I've had an another box crash with the 2.4.9-6 kernel. It didn't have a serial console, and died with an "Aiee - in inturrupt handler". The keryboard that is plugged in does not generate the proper pageup code, so I could not scroll back to get the complete oops. The linee on the screen that indicated it was in something related to qla2100_* from the qla2x00 driver. There was nothing in /var/log/messages. This machine has the same qlogic 2200 cards in it. Sorry this is not much to go on. I'll attache a serial console to this box in case it dies again. This has become most frustrating. I am becoming more and more convinced it's a
hardware problem. We've already replaced the RAM modules. Can you validate my
suspicions? The box crashed again tonite. The oops is at the bottom of this
comment. Since the last oops on this box(forget about the dev box from the
comment above, its ok now, and does have a serial console just in case), we
have swapped out one of the 2 qlogic cards in the box due to the last oops
occuring in the qla2100_32bit_start_scsi.

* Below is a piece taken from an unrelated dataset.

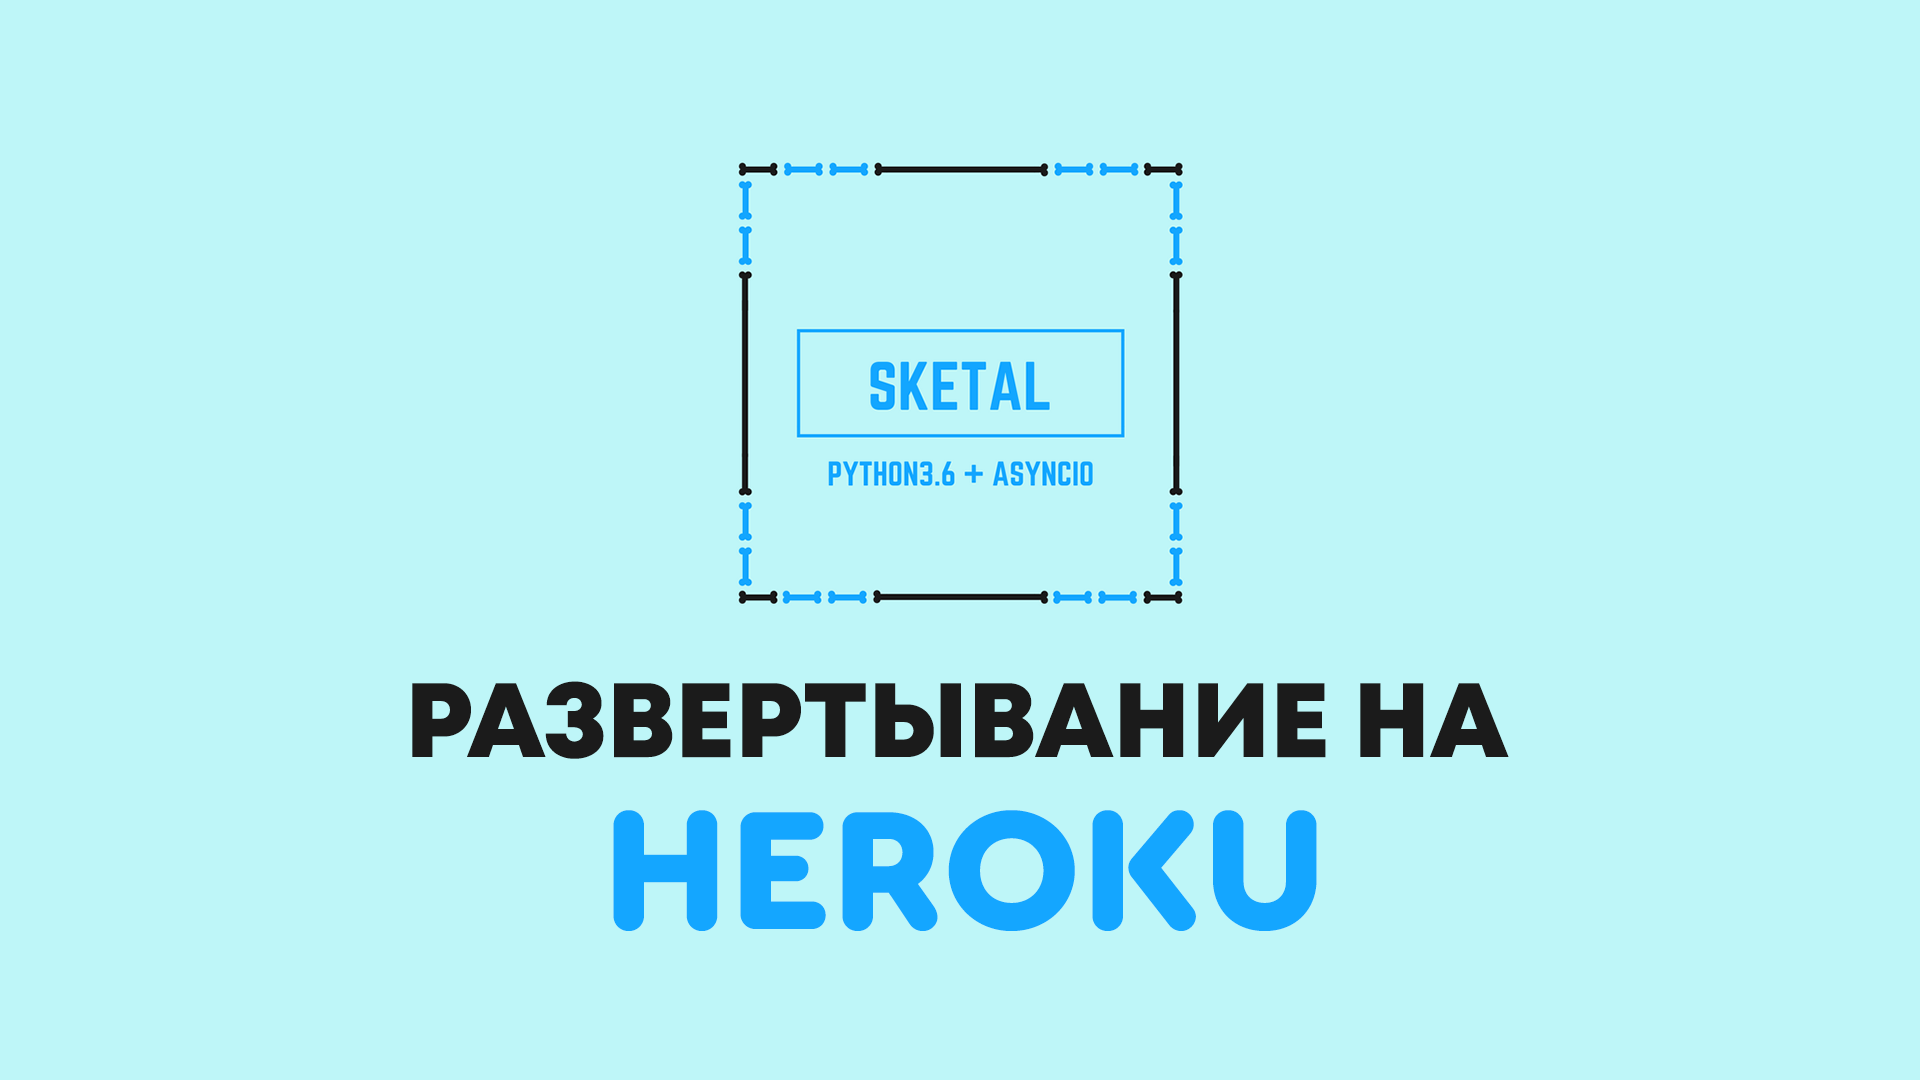 Развертывание Python бота Sketal для ВКонтакте на Heroku

We had to choose between the 2 cards. Do the errors reported above seem to have
any other source other than dying hardware? The crash takes 12-14 days to
occur. The 2 hardware targets for replacement left for me would be the
remaining qlogic card, and the actual memory cards(not the RAM). The OS disk
controller is barely used during the time of the crashes.
Any guesses are appriciated. Thanks alot for your work on this.
ksymoops 2.4.3 on i686 2.4.9-6enterprise. Options used
-V (default)
-k /proc/ksyms (default)
-l /proc/modules (default)
-o /lib/modules/2.4.9-6enterprise/ (default)
-m /boot/System.map-2.4.9-6enterprise (specified)
Error (expand_objects): cannot stat(/lib/qla2x00.o) for qla2x00
Error (expand_objects): cannot stat(/lib/megaraid.o) for megaraid
Error (expand_objects): cannot stat(/lib/sd_mod.o) for sd_mod
Error (expand_objects): cannot stat(/lib/scsi_mod.o) for scsi_mod
Error (pclose_local): find_objects pclose failed 0x100
Warning (compare_maps): mismatch on symbol partition_name , ksyms_base says
c01c3b90, System.map says c
01626f0. Ignoring ksyms_base entry
Unable to handle kernel NULL pointer dereference at virtual address 00000018
c0135ec7
*pde = 2d5ed001
Oops: 0000
CPU: 7
EIP: 0010:[<c0135ec7>] Not tainted
Using defaults from ksymoops -t elf32-i386 -a i386
EFLAGS: 00010207
eax: 00000000 ebx: c470ec98 ecx: c02ffb20 edx: ed86ea40
esi: c470ec7c edi: 00000000 ebp: 00000007 esp: d18b5ea4
ds: 0018 es: 0018 ss: 0018
Process unitool (pid: 18091, stackpage=d18b5000)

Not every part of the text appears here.